ABCNEWS
WIRE:Sept. 16, 4:39 p.m. ET Officials struggle
to bring aid to flood victims
AP News Service -
Associated Press Writer
TAPACHULA, Mexico (AP) _ More rain delayed aid flights Wednesday to villages isolated by a week of flooding in Mexico, while the death toll rose to 119 and hunger grew among those cut off by the downpours.
Helicopters resumed shuttling food, water and medicine to the 400,000 people in southern Chiapas state isolated by mudslides, swollen rivers and downed bridges when the rain let up in the late morning.
Forecasters predicted more heavy rain in the next 24 hours.
The floods last week tore through an area the size of Massachusetts, leaving residents without food, water or power. By Wednesday, 119 bodies had been recovered, according to Health Minister Juan Ramon de la Fuente, although officials expect the number to rise.
Local newspapers said more than 200 had died, and the Roman Catholic bishop of Tapachula, Monsignor Felipe Arizmendi, said the church expected the death toll to reach 500 or even 1,000 when officials are able to count all the missing from tiny villages in the mountains.
Many bodies are believed to have washed into the Pacific or disappeared beneath the mud.
Hunger was increasing among flood victims, and in one village people attacked a military helicopter dropping off aid, according to the Mexico City newspaper Reforma.
Dozens of villagers in Soconusco, 40 miles northwest of Tapachula, swarmed onto a helicopter dropping off rations Tuesday, grabbing everything inside the chopper. Soldiers were unable to stop them, Reforma said.

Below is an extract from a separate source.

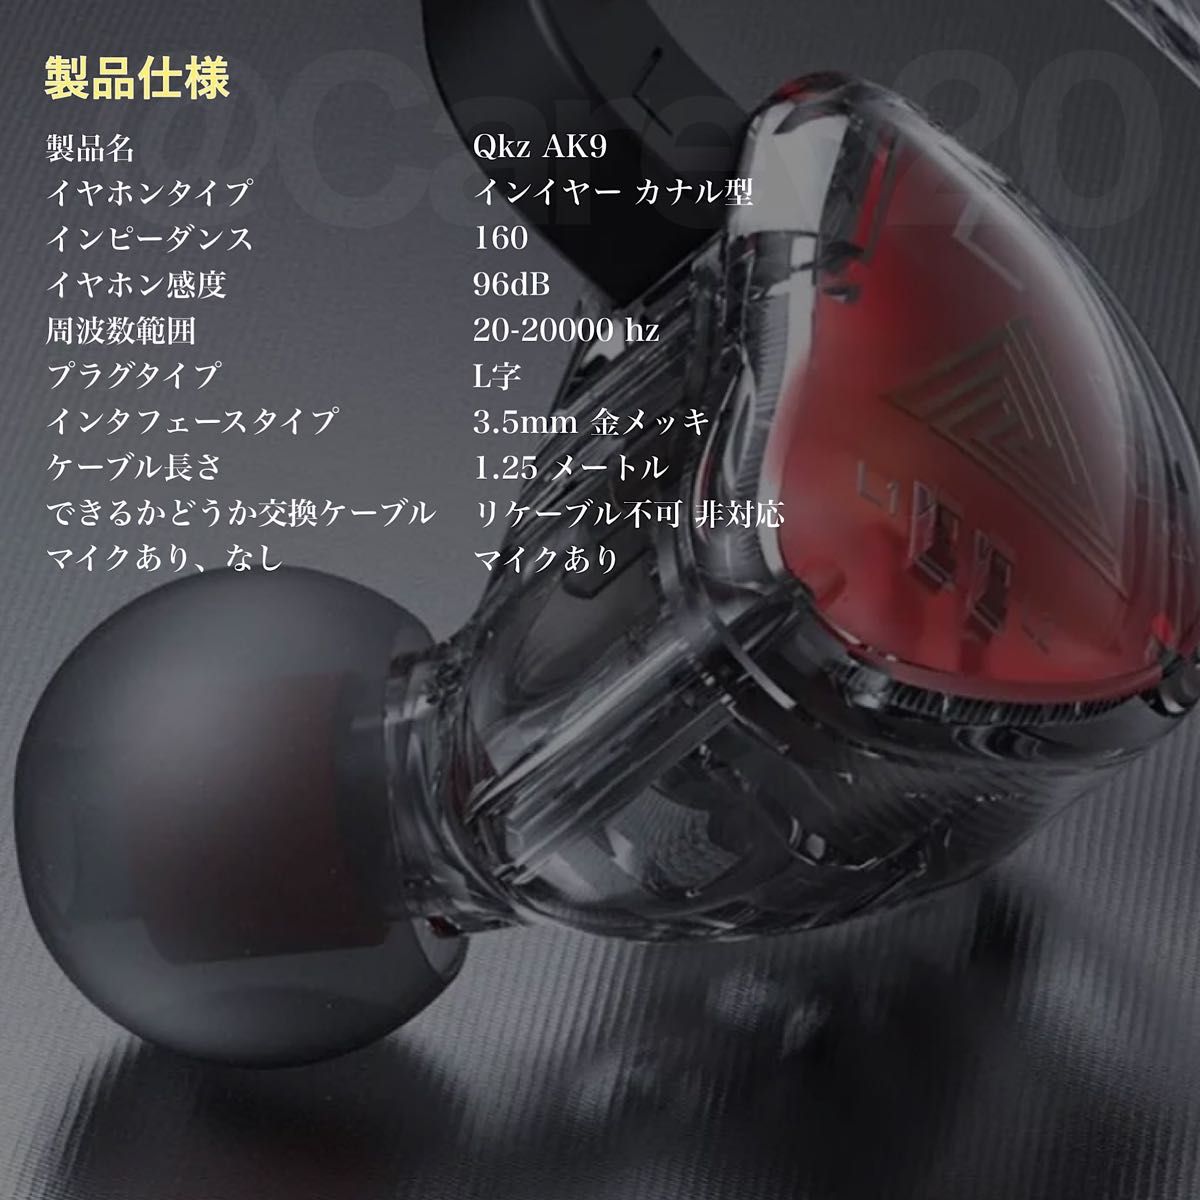 Qkz ak9 ブラック 有線イヤホン 3.5mm ゲーミングイヤホン ステレオ マイク付き 音楽 スポーツ ヘッドセット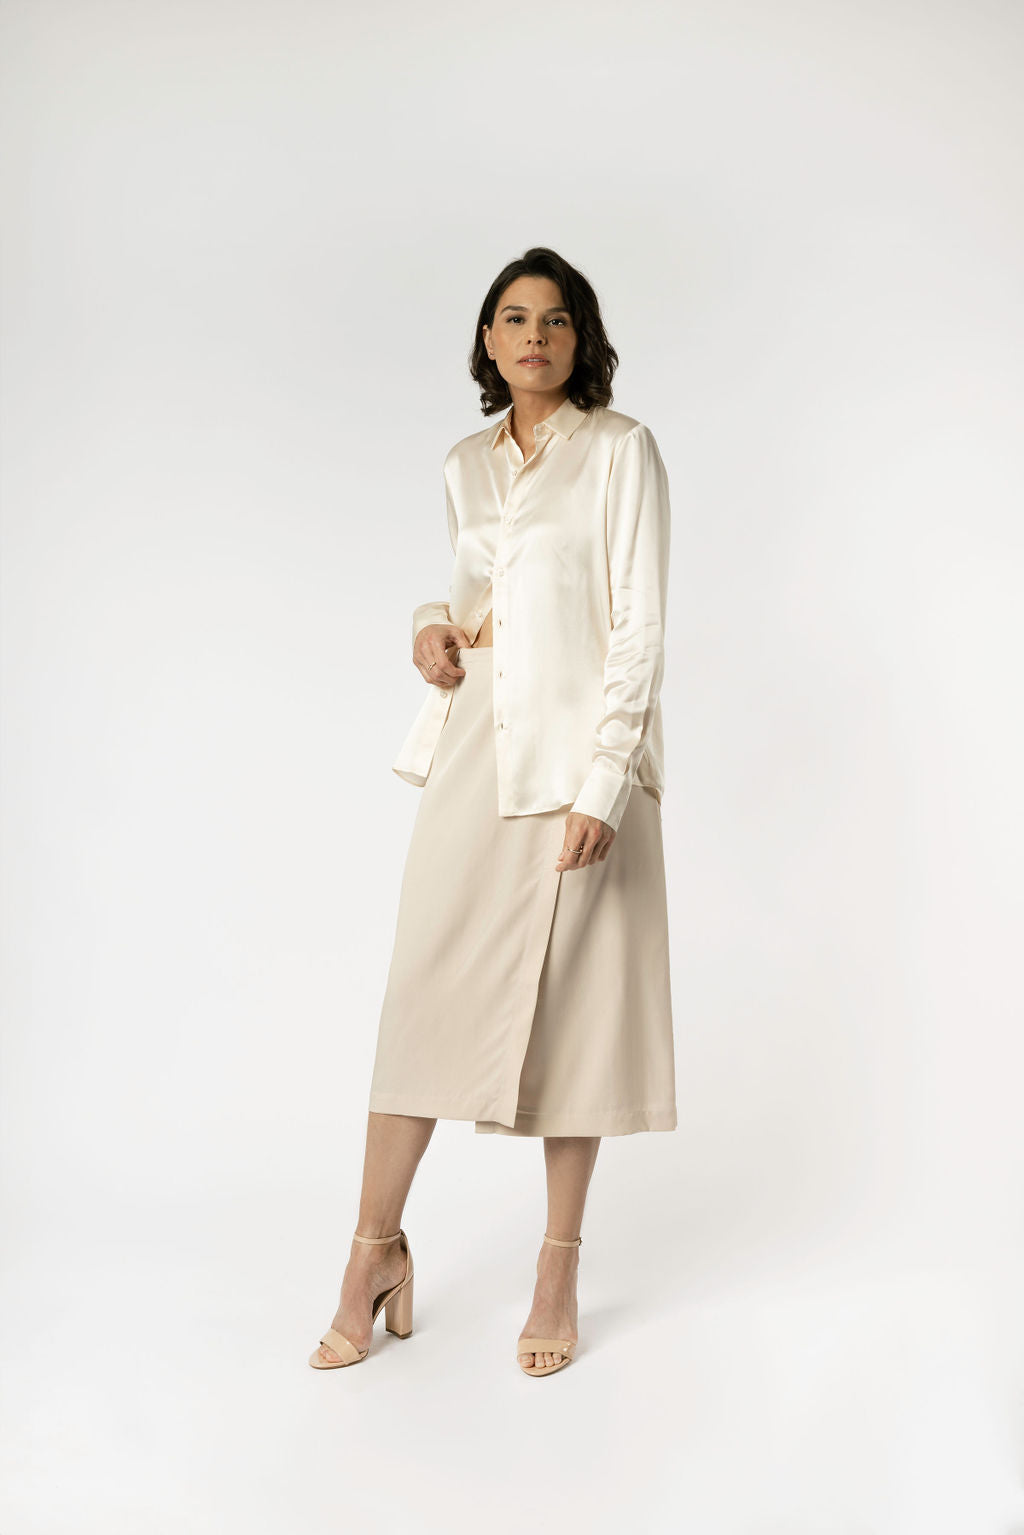 Minimalist Capsule Wardrobe for Work Cream Skirt

``People are starving to death here,'' a local leader, Leobardo Broca, was quoted as telling the soldiers. ``See for yourselves. I want all of you to understand that I'm not guilty of anything, because you've left us alone.''
The fight for the aid was intense, the newspaper said. Two women fought over the same sack of flour, splitting it in half and sending a cloud of flour over the area, churned up by the helicopter's rotors.
Weather officials said 3.2 inches of rain had fallen in Pijijiapan, one of the hardest-hit communities, and half an inch in Tapachula. They forecast another 2-2{ inches in the state over the next 24 hours.
In Washington, the U.S. State Department advised Americans to exercise caution when traveling in Mexico because the floods have washed out roads and bridges, blocking passage on some, including sections of the Pan American Highway.
State government officials said helicopters had been grounded Tuesday afternoon and Wednesday morning because of rain, but the rain turned into a drizzle and the aid teams resumed their work.
Mexico's Red Cross continued to call for donations of food and medicine. Among those responding was Pope John Paul II, who donated $50,000 through Catholic charities for Mexico.